## Motivation:

Physical sciences have often made progress by identifying useful coordinate transformations. Whether we are using Euclidean Geometry for Newton’s Calculus or Riemannian Geometry for General Relativity, the objective is to find a useful and parsimonious parametrization that allows us to disentangle the variables responsible for the data-generating process. In the past this required human ingenuity but today thanks to the invention of computers we can run algorithms that allow us to discover useful parametrizations for a given dataset.

If our data happens to be organised into rows and columns, like a matrix, one very powerful algorithm is the Singular Value Decomposition.
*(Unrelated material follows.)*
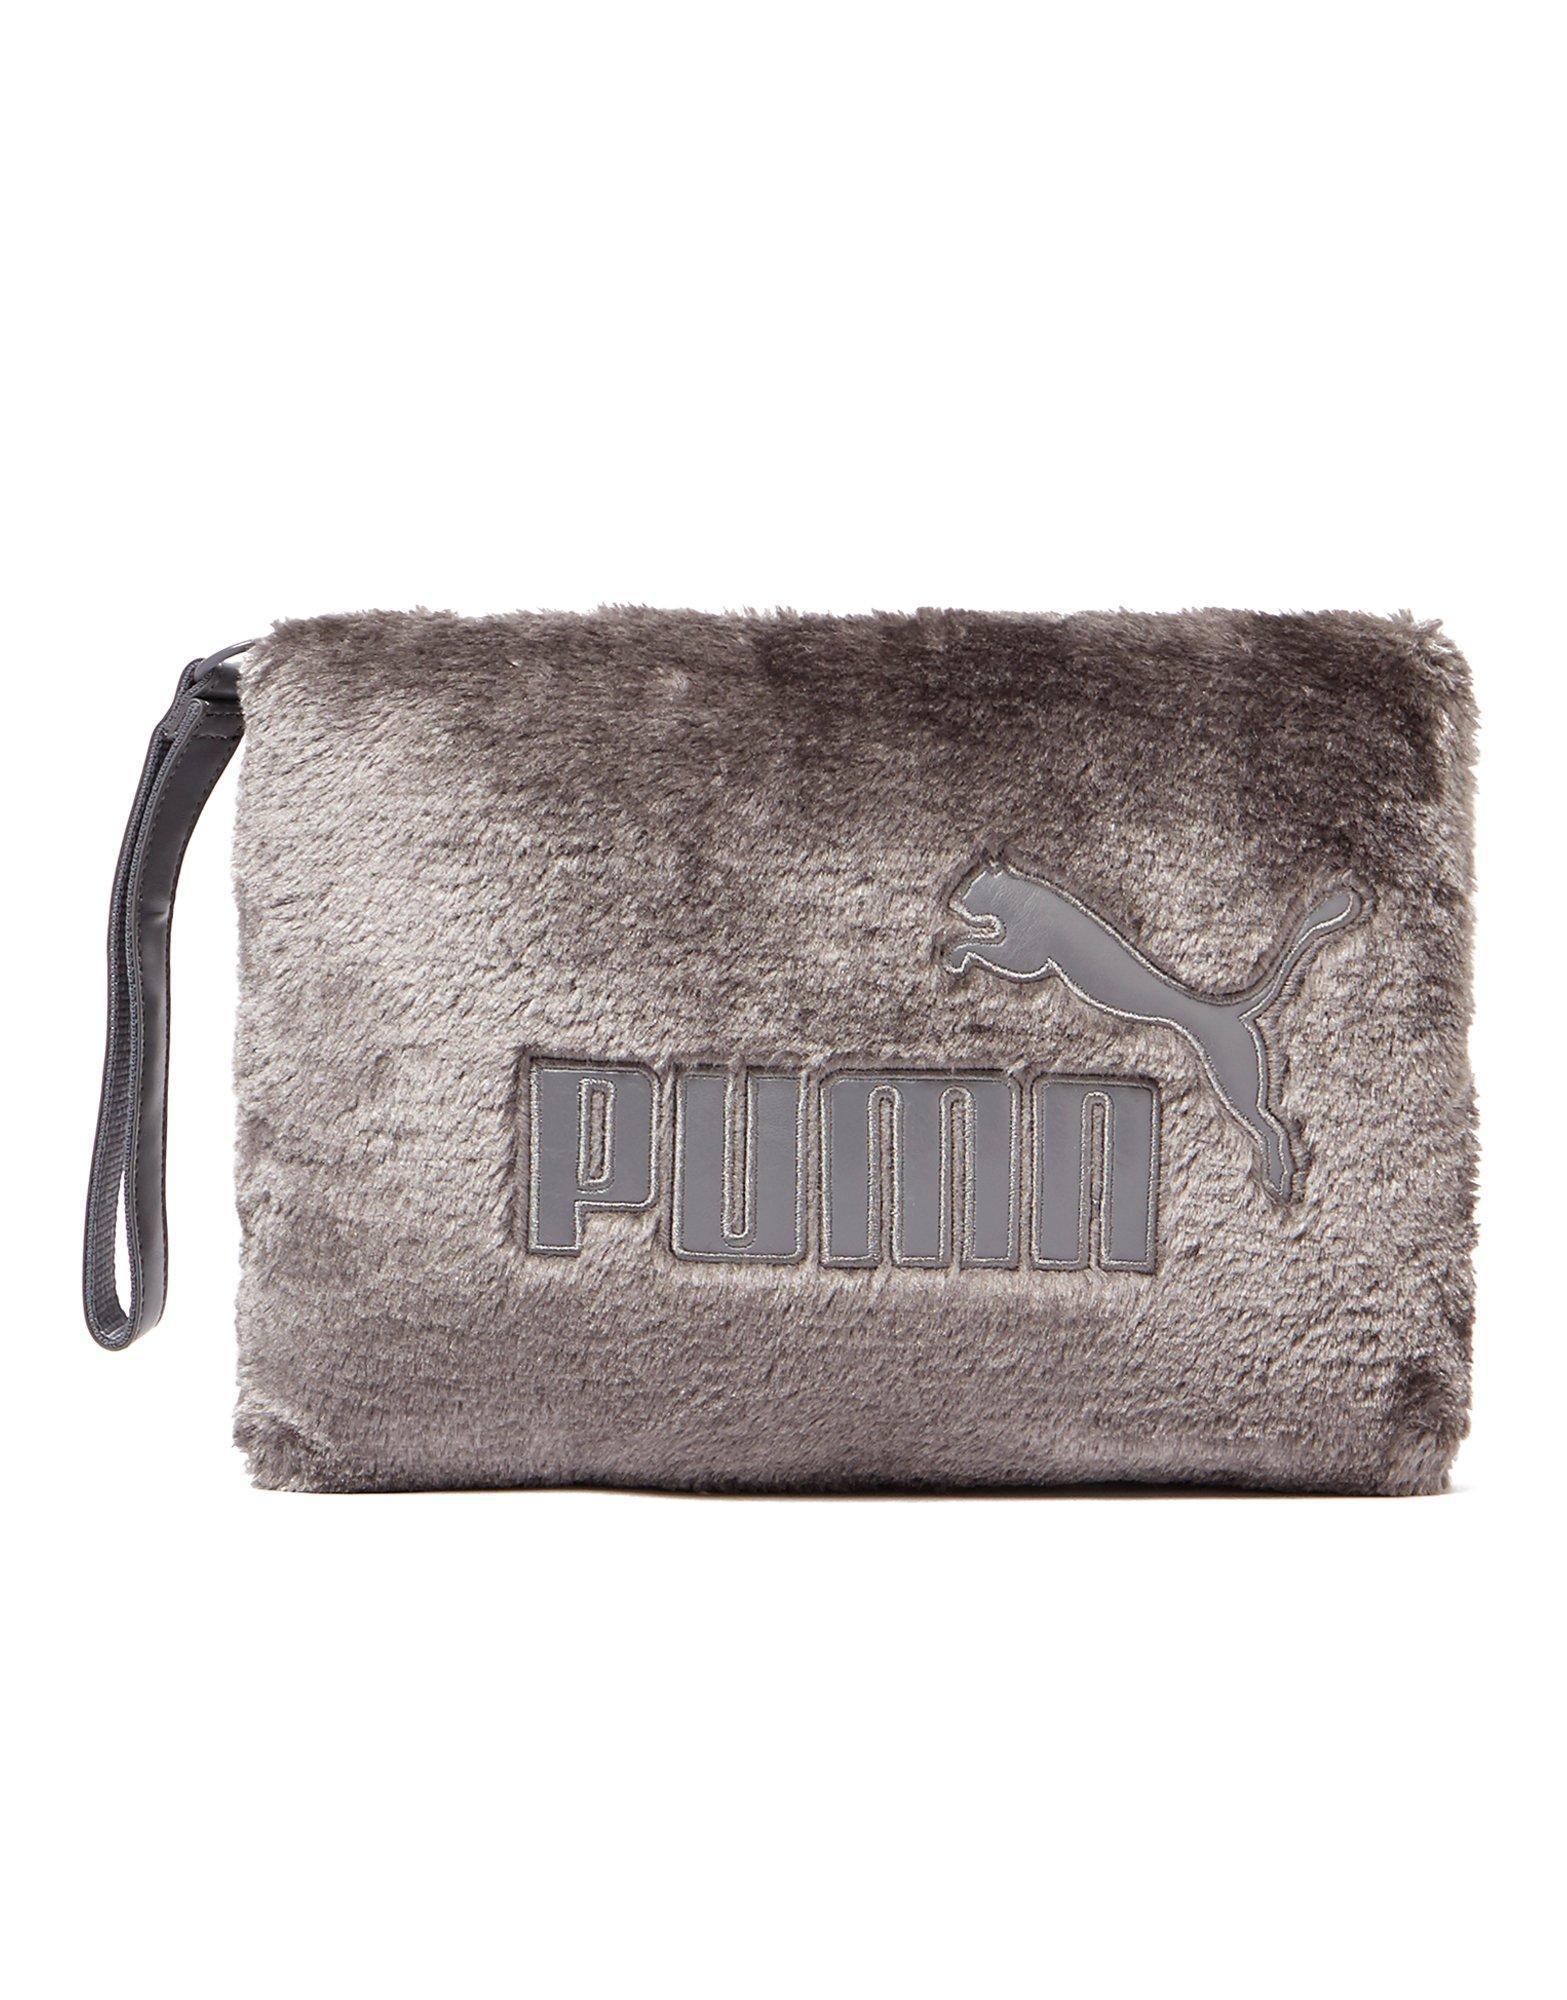 3495a05f2121 Lyst - PUMA Fur Clutch Bag in Purple

It is in some sense a data-driven Fourier Transform and the objective of this article is to provide an existence proof that such decompositions are possible for rectangular matrices.

## Derivation of the Singular Value Decomposition:

Given a matrix $X \in \mathbb{R}^{m \times n}$ we may form the correlation matrices $X \cdot X^T \in \mathbb{R}^{m \times m}$ and $X^T \cdot X \in \mathbb{R}^{n \times n}$. Now, since these correlation matrices are both square they both have eigendecompositions and we may show that they have the same eigenvalues.

Indeed, let’s suppose:

$$\exists \vec{u} \in \mathbb{R}^{m},X \cdot X^T \cdot \vec{u} = \lambda \vec{u}$$

then we have:

$$\vec{v} = X^T \vec{u} \in \mathbb{R}^n$$

$$X^T \cdot X \cdot \vec{v} = \lambda \vec{v}$$

so the eigenvectors of $X \cdot X^T$ and $X^T \cdot X$ are linear transformations of each other and we may deduce that they have the following eigendecompositions:

$$\exists V \in \mathbb{R}^{n \times m}, X^T \cdot X \cdot V = V \cdot \text{diag}(\vec{\lambda})$$

$$\exists U \in \mathbb{R}^{m \times m}, X \cdot X^T \cdot U = U \cdot \text{diag}(\vec{\lambda})$$

so $\text{diag}(\vec{\lambda}) \in \mathbb{R}^{m \times m}$.

Furthermore, we may show that all the eigenvalues $\lambda_i$ are non-negative since $X^T \cdot X$ is positive-semidefinite:

$$\forall z \in \mathbb{R}^n, z^T (X^T \cdot X) z = (Xz)^T (Xz) = \lVert Xz \rVert^2 \geq 0$$

and from this it follows that $\text{diag}(\vec{\lambda})= \Sigma^2$ for some $\Sigma \in \mathbb{R_{+}}^{m \times m}$.

Now, we may note that $X \cdot X^T$ is real and symmetric so we have:

$$X \cdot X^T = U \Sigma^2 U^{-1} = (U \Sigma^2 U^{-1})^T \implies U^T = U^{-1}$$

and so we may deduce that $U$ and $V$ are both unitary matrices.

Combining these results, we have:

$$X \cdot X^T = U \Sigma^2 U^T = (U \Sigma V^T) \cdot (V \Sigma U^T) = (U \Sigma V^T) \cdot (U \Sigma V^T)^T$$

Finally, we claim that $X = U \Sigma V^T$ since by (1) and (2) we have:

$$X \cdot \vec{v_i} = \lambda_i \vec{u_i} \implies \lVert X \vec{v_i} \rVert^2 = \lambda_i = \sigma_i^2$$

which implies:

$$\vec{u_i}^T \cdot X \cdot \vec{v_i} = \sigma_i$$

so in matrix form we have:

$$U^T \cdot X \cdot V = \Sigma \implies X = U \Sigma V^T$$

and this concludes our existence proof that a singular value decomposition exists for rectangular matrices.